Closely related to that, it may be worth it to look into the possibility of
defining a standard JACC factory anyway to install a global JACC provider
from within a web app. After all, JASPIC also allows one to set a global
SAM (by proving a null for the app context id).
> It might also be feasible to change JACC
> such that it uses an application scoped Policy object that is distinct
> from that used by the rest of the JRE, but at least on the surface
> that seems like a new version of JACC (or perhaps thats what JSR 375 is).
>
JSR 375 definitely does not try to be JACC (or JASPIC for that matter). At
least, that's what I (and Alex back then) are trying hard to avoid. What
JSR 375 does attempt is first and foremost providing a higher level, ease
of use, abstraction/wrapper on top of JASPIC and hopefully JACC.

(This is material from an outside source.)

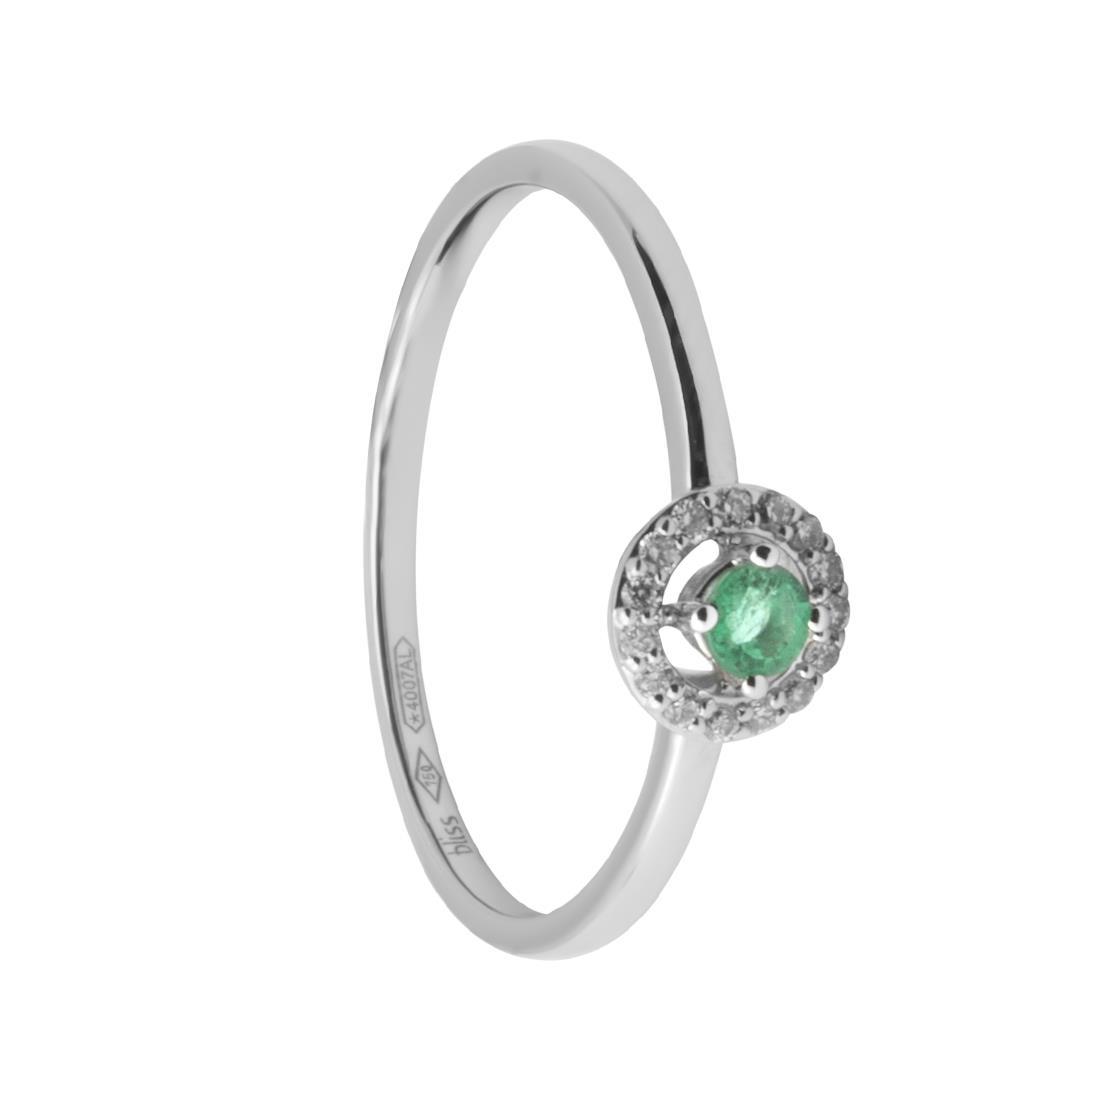 Anello in oro bianco con diamanti e smeraldo - BLISS

But as it stands, JSR 375 has a hard time "connecting" to JACC. At most JSR
375 could provide a JACC provider that loads and delegates to application
specific providers, and then mandates that IFF JSR 375 is used and IFF
"some kind" of configuration is encountered in the application, then the
application server vendor must make sure this JSR 375 provided JACC
provider is installed.
But I'm not sure if this is really allowed, and if it's allowed I think it
puts a great burden on the application server vendor who somehow has to
make sure it works.
I'd much rather use a portable API/SPI instead of demanding something in
the spec text and then hope it turns out well in practice.
>
> Also, since JACC requires compatibility with the JRE security Policy
> replacement mechanism, so it may be feasible to adopt
> a uniform replacement strategy that is based on loading the classes from
> within the extension or lib area of the JRE. I am not sure
> if that would be acceptable
>
JRE would be the absolute last resort. Java EE developers already dislike
modifying the application server for a single application, but modifying
the JRE is often a no go. The JRE on a developer's desktop often runs many
different application servers and thus many different apps.
Still, I tried putting the jar with the JACC provider there, and Geronimo
and JBoss specifically still would not find it :(
> and am interested in hearing of any other ideas you may have as to
> defining where such (JRE-wide)
> provider jars could be loaded from.
>
For Java EE this remains a difficult thing, as it typically tries to avoid
going into product details. So stating that the server must provide a
directory where it scans for the jar file is difficult I think, as is
requiring that there's a product specific CLI or admin console function
available that accepts a jar containing a JACC provider.
That said any of the following would be an improvement:
* Mandating JACC providers be loaded from the JRE's extension folder
* Define a directory in the server, e.g. [glassfish home]/extensions
* Define an extra system property that contains the path to jar. E.g.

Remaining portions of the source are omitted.